Oh, I did forget to mention my score of the week. I went to Houma this week for some minor retail therapy. I was feeling down, so I did a little shopping. I got some hand soaps from Bath and Body Works. 7 for $21, not too shabby. Did I also mention that I had a 20% off coupon as well? Awesome! Then I went to Academy for some Saints t-shirts. WHO DAT!!!! Anyway, I needed a new pair of tennis shoes for the gym as well. I scored on my shoes. The regular price was like $109. I got them for $49. ULTIMATE SCORE!!! They're pink. Not too excited with the pink, but at least it's a darker bright pink. I can get away with calling it fuchsia. Did I mention that I'm breaking them in right now while wearing fuzzy fuchsia socks. Yes, I am drop dead sexy right now in my nightgown, fuzzy fuchsia socks, and brand new fuchsia Nike tennis shoes.....all kinds of sexy. Hopefully they don't kill my feet tomorrow night.

Alrighty. It's time for a shower and hopefully bed. I'll probably sleep on the sofa tonight, since hubs is working. I seem to sleep better in the living room because I can leave the TV on. It makes me feel less alone.

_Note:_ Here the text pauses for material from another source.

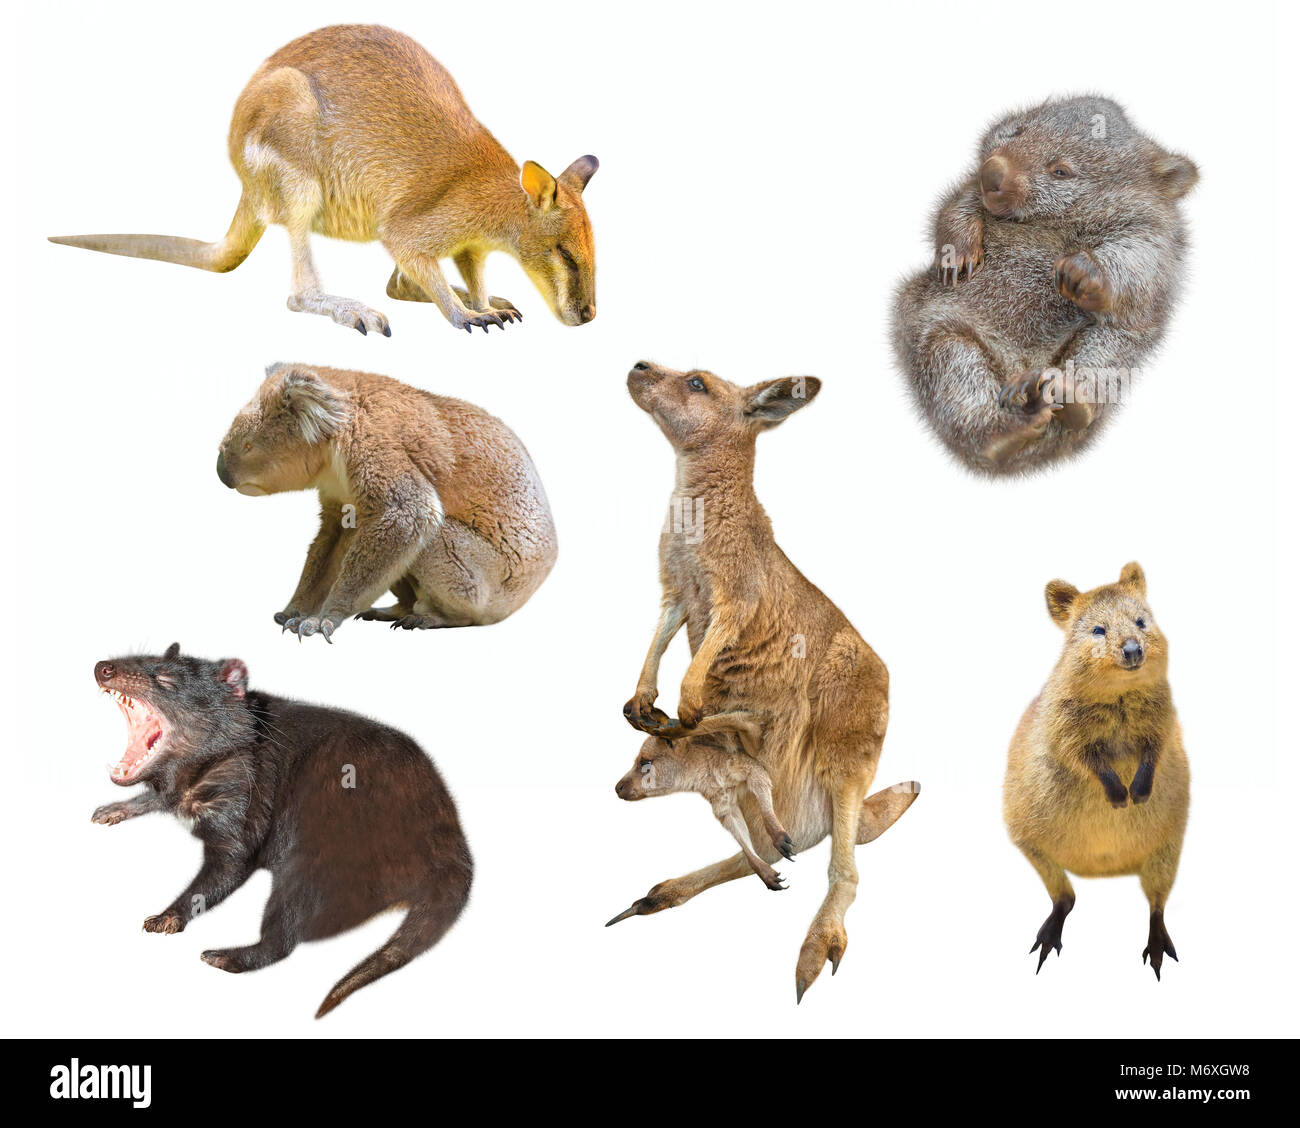 Collage of Australian marsupial mammals, isolated on white background. Wallaby, Tasmanian Devil, Wombat, Kangaroo with Joey, Quokka and Koala. Stock Photo

I'll probably put The Proposal on again......talk with me later.

Tuesday, January 26, 2010

The Ground Rules......

Just a fair warning....this blog will most likely be slightly depressing, but sometimes funny.......

There's lots of stuff in my life that I need to get out, in order to maybe feel "normal."

This will be written by me, not the façade that I usually put up.....

I will bitch, whine, complain, cuss, whatever....I won't hold back. Don't like it, don't read it.....

There will be days when I post like crazy, and other times I may not post for a couple days.....

This will be my therapy.....and I hope it works, because "real" therapy right now, is making me a little bit sad.......

You can make comments/suggestions/whatever.....I'll read them (I promise), but I may not act upon them......

Alright, now that the ground rules are set....I think I'll start.....or maybe after Goal Post supper..... mmmmmmmmmm....hamburger steak...... *drool*

And WTH.....no Helvetica font????? LOL (If you've watched Will & Grace, that was funny!)